From 1,200ms to 0.25ms by allowing the planner to use efficient join strategies.

Example 4: Aggregate with Index

Before:

EXPLAIN (ANALYZE, BUFFERS)
SELECT COUNT(*) FROM orders WHERE status = 'pending';

-- Aggregate
--   -> Seq Scan on orders  (cost=0.00..185432.00 rows=500000 width=0)
--     Filter: (status = 'pending')
--     Buffers: shared hit=85432
-- Execution Time: 850.00 ms

After (partial index):

CREATE INDEX CONCURRENTLY idx_orders_pending
ON orders (id) WHERE status = 'pending';

EXPLAIN (ANALYZE, BUFFERS)
SELECT COUNT(*) FROM orders WHERE status = 'pending';

-- Aggregate
--   -> Index Only Scan using idx_orders_pending on orders
--     Buffers: shared hit=1400
-- Execution Time: 12.00 ms

70x improvement by creating a partial index that only covers pending orders.

Example 5: Pagination Optimization

Before (OFFSET-based):

EXPLAIN (ANALYZE, BUFFERS)
SELECT * FROM products
ORDER BY created_at DESC
LIMIT 20 OFFSET 100000;

-- Limit
--   -> Sort (cost=250000..260000 rows=100020 width=200)
--     Sort Key: created_at DESC
--     Sort Method: top-N heapsort  Memory: 4096kB
--     -> Seq Scan on products
--       Buffers: shared hit=50000
-- Execution Time: 1500.00 ms

After (cursor-based / keyset pagination):

EXPLAIN (ANALYZE, BUFFERS)
SELECT * FROM products
WHERE created_at < '2024-01-15 10:30:00'
ORDER BY created_at DESC
LIMIT 20;

-- Limit
--   -> Index Scan Backward using idx_products_created_at on products
--     Index Cond: (created_at < '2024-01-15 10:30:00')
--     Buffers: shared hit=25
-- Execution Time: 0.05 ms

30,000x improvement. OFFSET scans and discards 100,000 rows; keyset jumps directly to the right position.

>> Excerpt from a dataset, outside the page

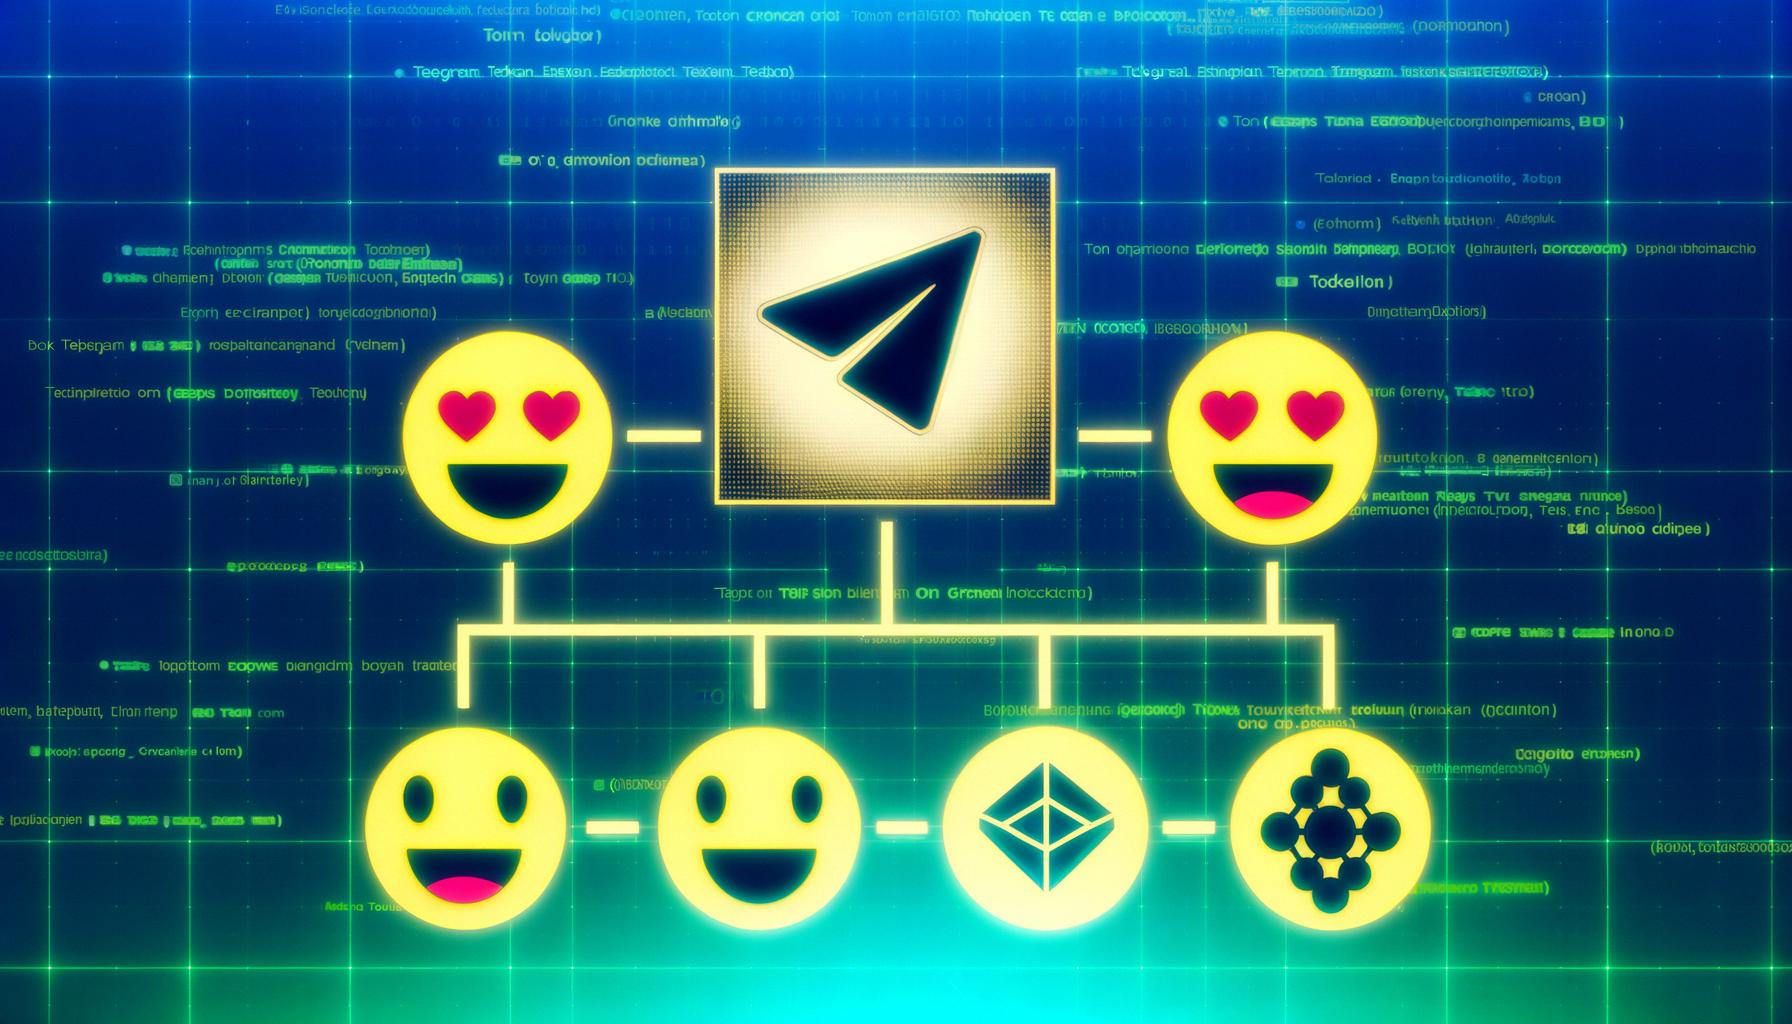 Telegram innovates with blockchain for digital asset user monetization.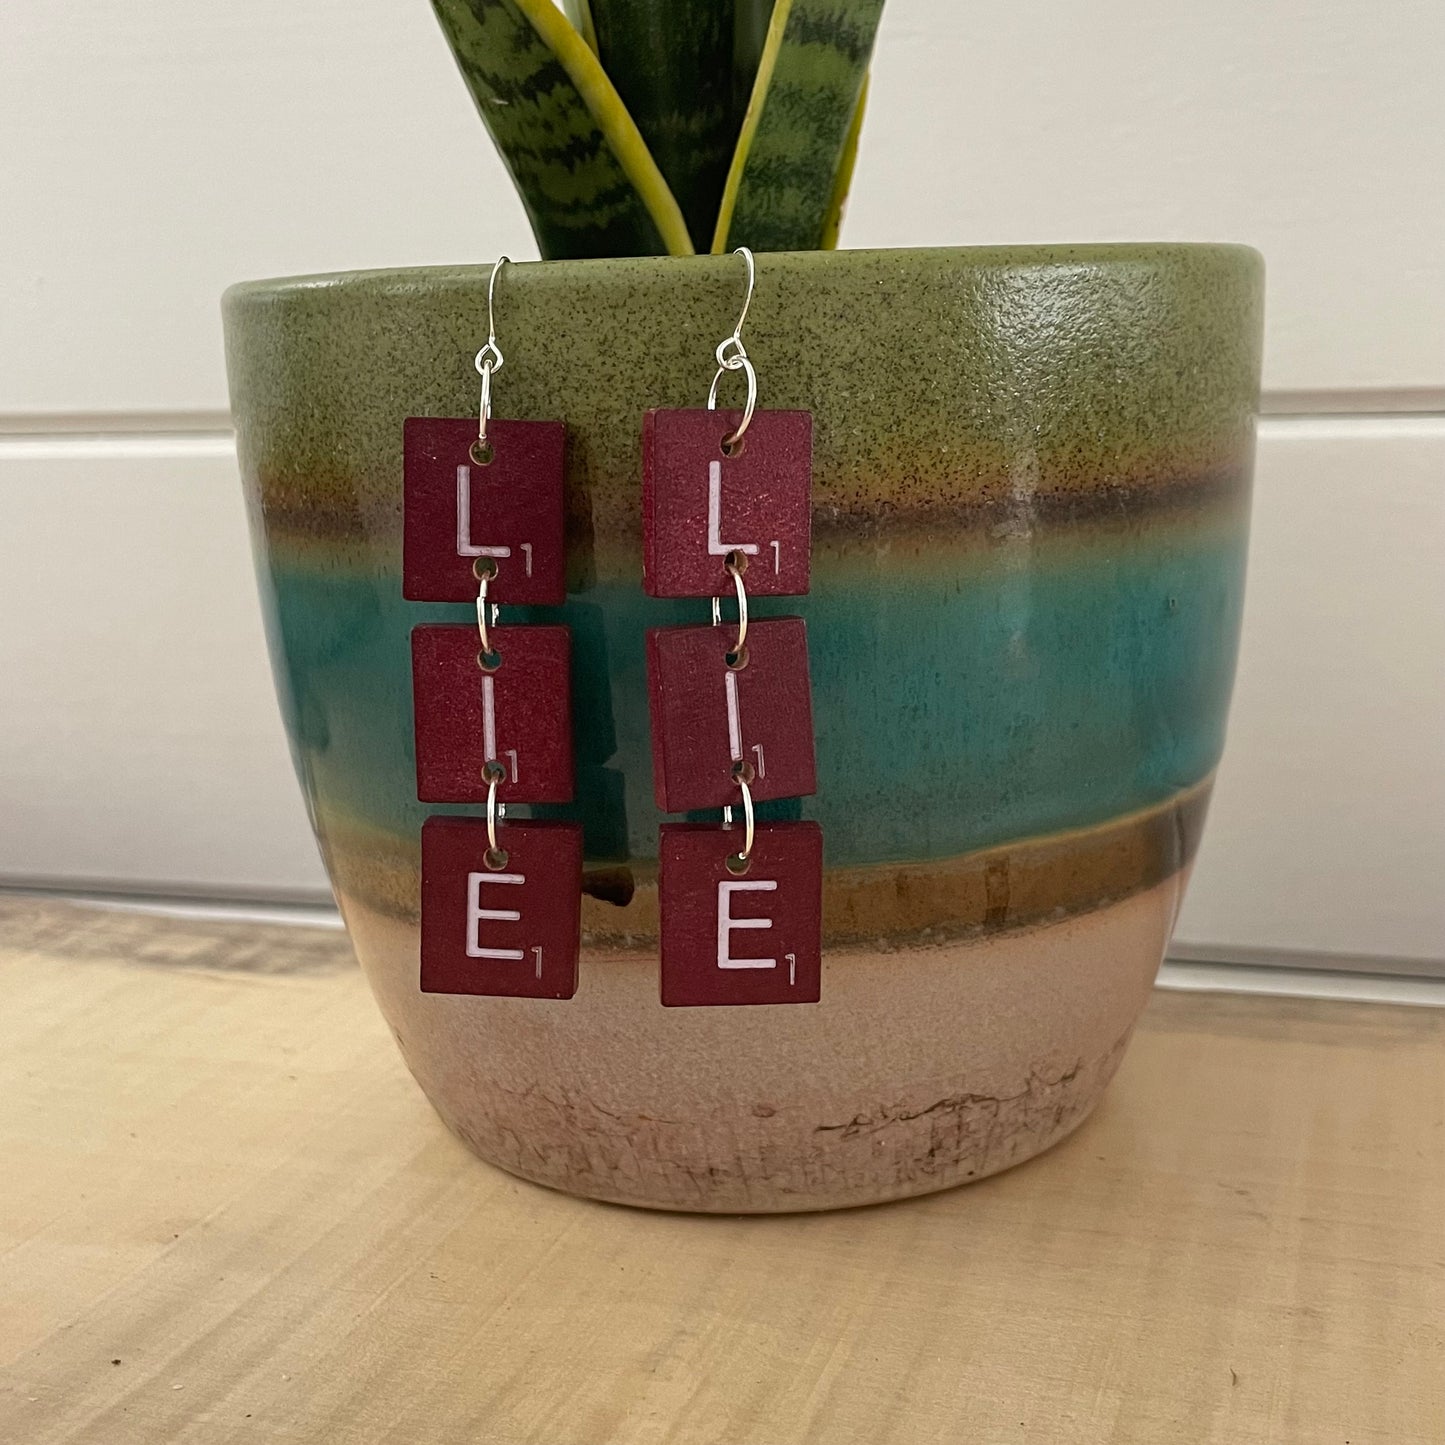 LIE Statement Dangle Earrings 3.25" Scrabble Tile Maroon Red Wood Repurposed Upcycled Fun Game OOAK

Edge Cases and Failure Modes

1. Statistics Lie: Correlated Columns

-- PostgreSQL assumes column independence
-- But city and country are correlated (Tokyo is always in Japan)

EXPLAIN ANALYZE
SELECT * FROM addresses
WHERE city = 'Tokyo' AND country = 'Japan';

-- Estimated rows: 10 (assumes independent: 0.001 * 0.01 * 10M)
-- Actual rows: 100,000

-- FIX: Create extended statistics
CREATE STATISTICS stat_addr_city_country (dependencies)
ON city, country FROM addresses;
ANALYZE addresses;

2. Parameter Sniffing

-- Prepared statement planned with parameter value that returns 1 row
-- Same plan reused when parameter returns 1,000,000 rows

-- Mitigation: PostgreSQL 12+ auto-detects this after 5 executions
-- Manual fix: use plan_cache_mode
SET plan_cache_mode = 'force_custom_plan'; -- Always replan

3. Function Volatility Mismarks

-- VOLATILE function in WHERE clause prevents index use
CREATE FUNCTION get_active_status() RETURNS text AS $$
  SELECT 'active';
$$ LANGUAGE sql VOLATILE;

-- Planner cannot assume the function returns the same value for each row
-- So it calls the function for every row (sequential scan)
SELECT * FROM users WHERE status = get_active_status();

-- FIX: Mark as IMMUTABLE or STABLE
CREATE OR REPLACE FUNCTION get_active_status() RETURNS text AS $$
  SELECT 'active';
$$ LANGUAGE sql IMMUTABLE;

4. Implicit Type Casting Prevents Index Use

-- Column is integer, parameter is text -> implicit cast
-- The cast prevents index use!
EXPLAIN ANALYZE SELECT * FROM users WHERE id = '12345';
-- Seq Scan (because PostgreSQL casts id to text for comparison)

-- FIX: Use correct type
EXPLAIN ANALYZE SELECT * FROM users WHERE id = 12345;
-- Index Scan

DANGER

Always ensure parameter types match column types. ORM-generated queries are a common source of type mismatches.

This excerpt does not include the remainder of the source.